Friday, May 24, 2019
Lutherans and. . . Lutherans
In V & E (of clergy), marriage is the normative relationship, established by God, and divorce is a reflection of sin, to be reluctantly allowed in some cases. That evolved into an understanding in which divorce happens to the best of marriages. In other words, any sense that divorce as something of great reluctance or regret is replaced with the simple reality that, hey, it happens. Now, regardless of how often divorce happens or of who gets divorced, under it all the Church must maintain the Biblical model of family in which divorce is never normal but always met with the greatest regret and reluctance on the part of all. When clergy no longer strive for or attempt to hold to the Biblical model of marriage and divorce, then they no longer reflect God to the people but all the brokenness and failings of the people to God. It becomes like a threat to God. This is the way things are so what are you going to do about it. This is one difference between Lutheran groups. Do the clergy strive to fulfill the Biblical model or do they settle instead to reflect the state of things about them? Trustworthy Servants is clearly tilted away from the idea that clergy have a higher calling or that their marriages or divorces or have a duty or responsibility to reflect the Biblical shape of marriage and family.

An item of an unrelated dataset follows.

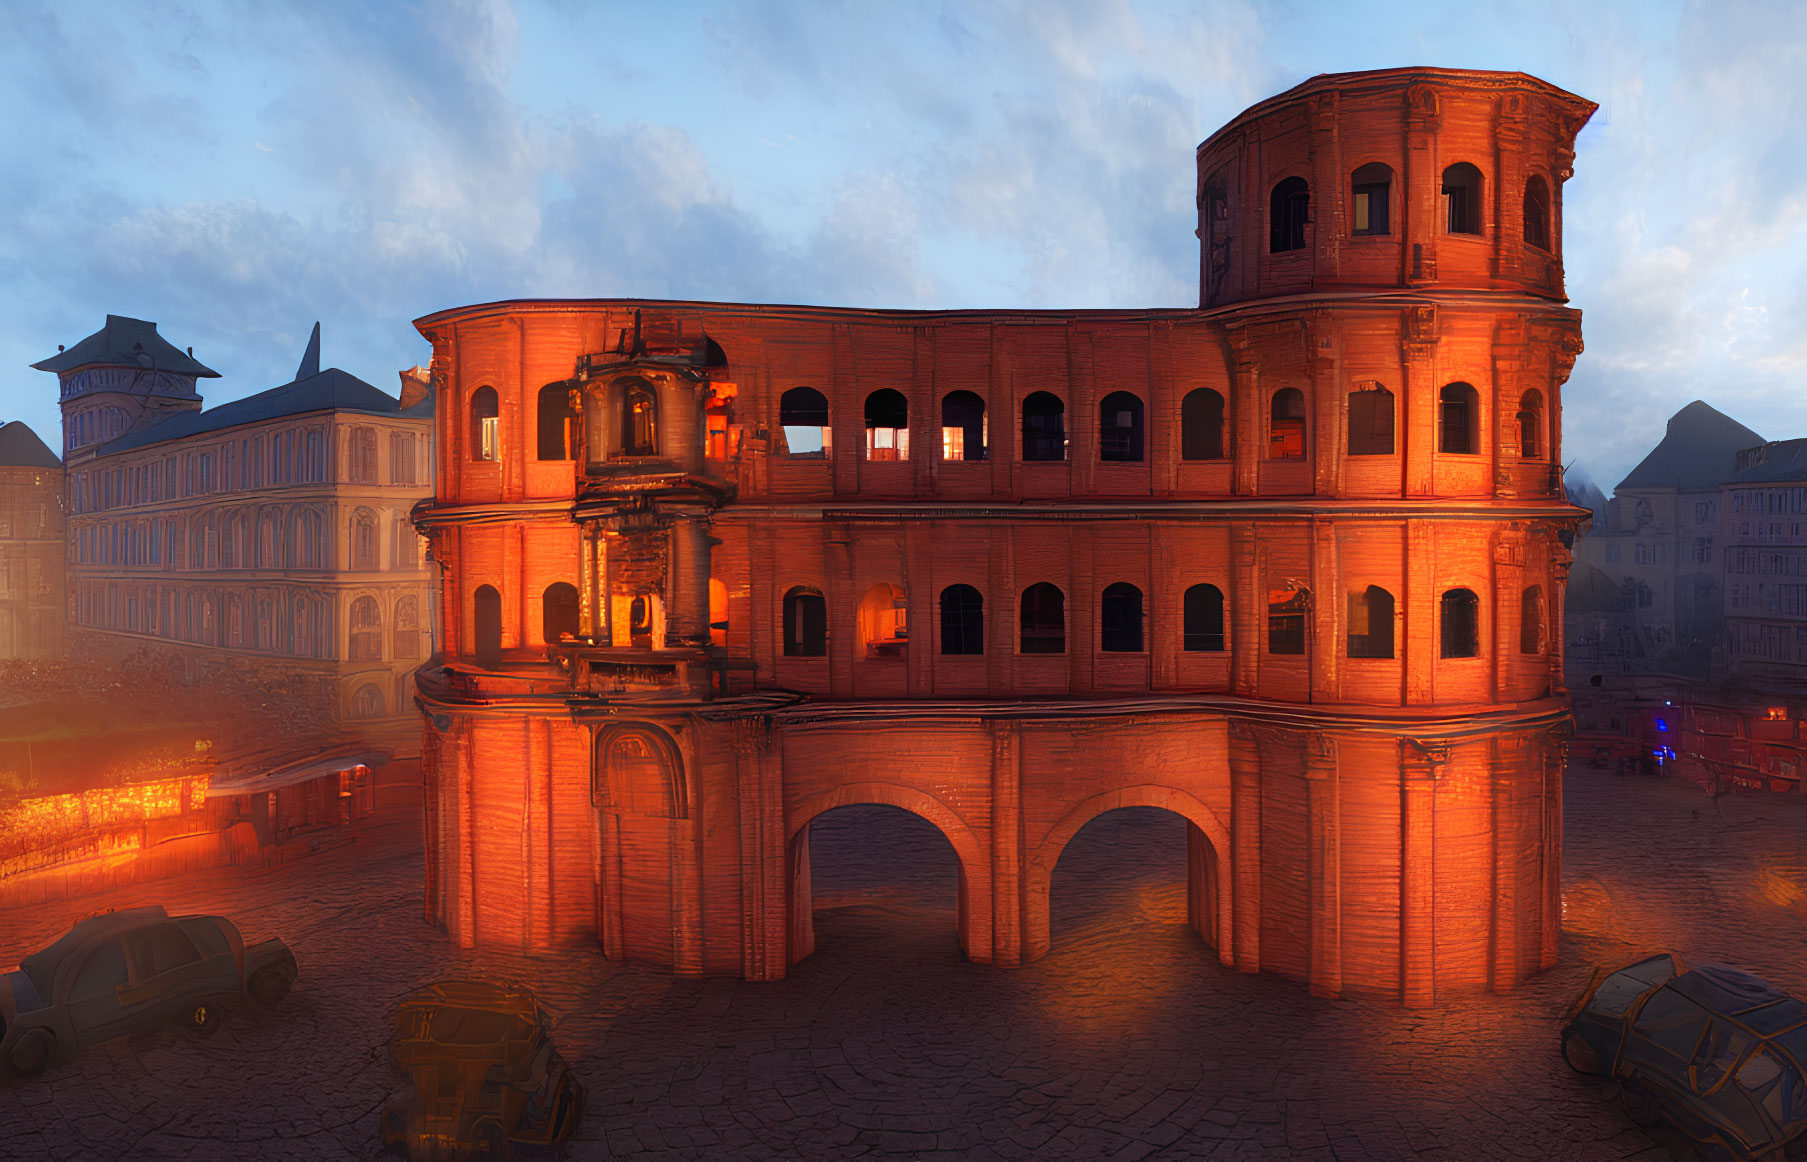 Ancient Roman structure resembling Colosseum at dusk with vintage cars and classical buildings under blue sky

One word is notably absent from the replacement for Vision and Expectations and that word is chaste (though to be accurate it appeared only twice in the previous document). According to this new document (sent back for review but due out again by 2020), cohabitation is not good but there is no expectation or suggestion that sexual intimacy should be resisted or restrained until marriage. Oh, to be sure, deepening levels of sexual intimacy should be accompanied by deepening levels of commitment (whatever that means) but it is clear that the idea that any clergy could be expected to restrain their sexual impulses is not only quaint but unrealistic. That is the point. The document to replace the 1990 version of that churches expectations of pastors was rejected not because it went too far but because it did not go far enough. The first casualty of this war on Biblical morality is the word chaste. Now Missouri has kept the word (at least in its catechism) but we do not talk nearly enough about the expectation of chastity to single and fidelity to married. Though this is uniformly applied to straight and gay, the ELCA clearly finds it not only sexist but impossible. In Missouri, we tend to avoid such blunt talk simply because it offends. It is not that we no longer believe it but that we are not sure it will sell in the pews and so we pay lip service to this truth without actually raising up these standards for actual consideration and practice by both clergy and lay.

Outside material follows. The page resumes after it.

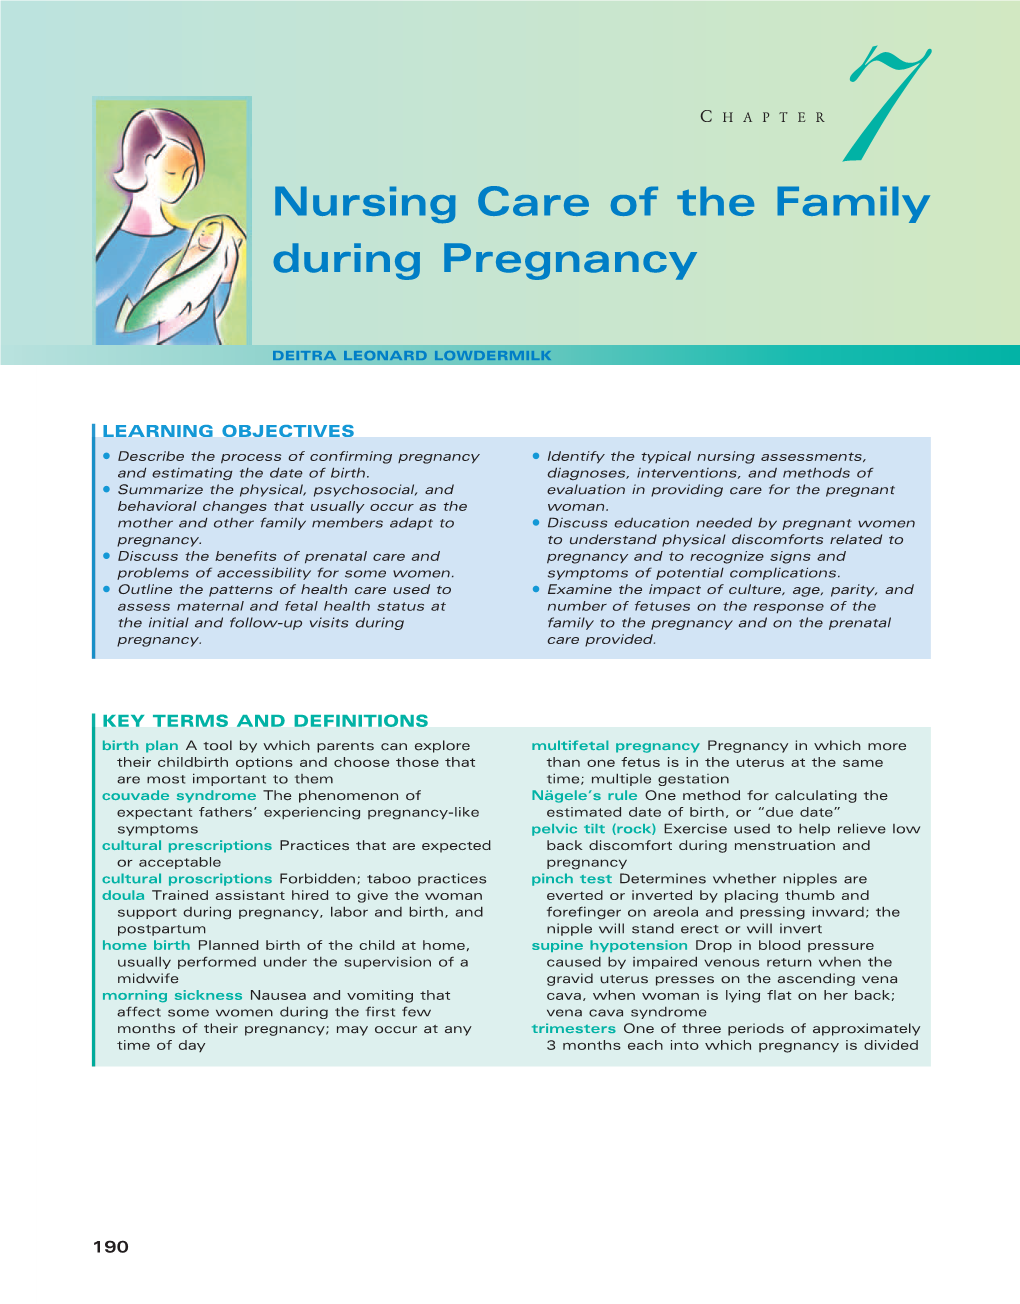 Nursing Care of the Family During Pregnancy 191

While I do not believe Missouri's future will involve following the ELCA's example in regularizing GLBTQ relationships within the clergy and the church, I cannot but notice that when it comes to fidelity and chastity and the idea that clergy should be held to higher standards than lay, we are behind the ELCA in time and degree but we are heading in the same direction. That is something worth noting and changing so that our practices reflect more consistently our confession.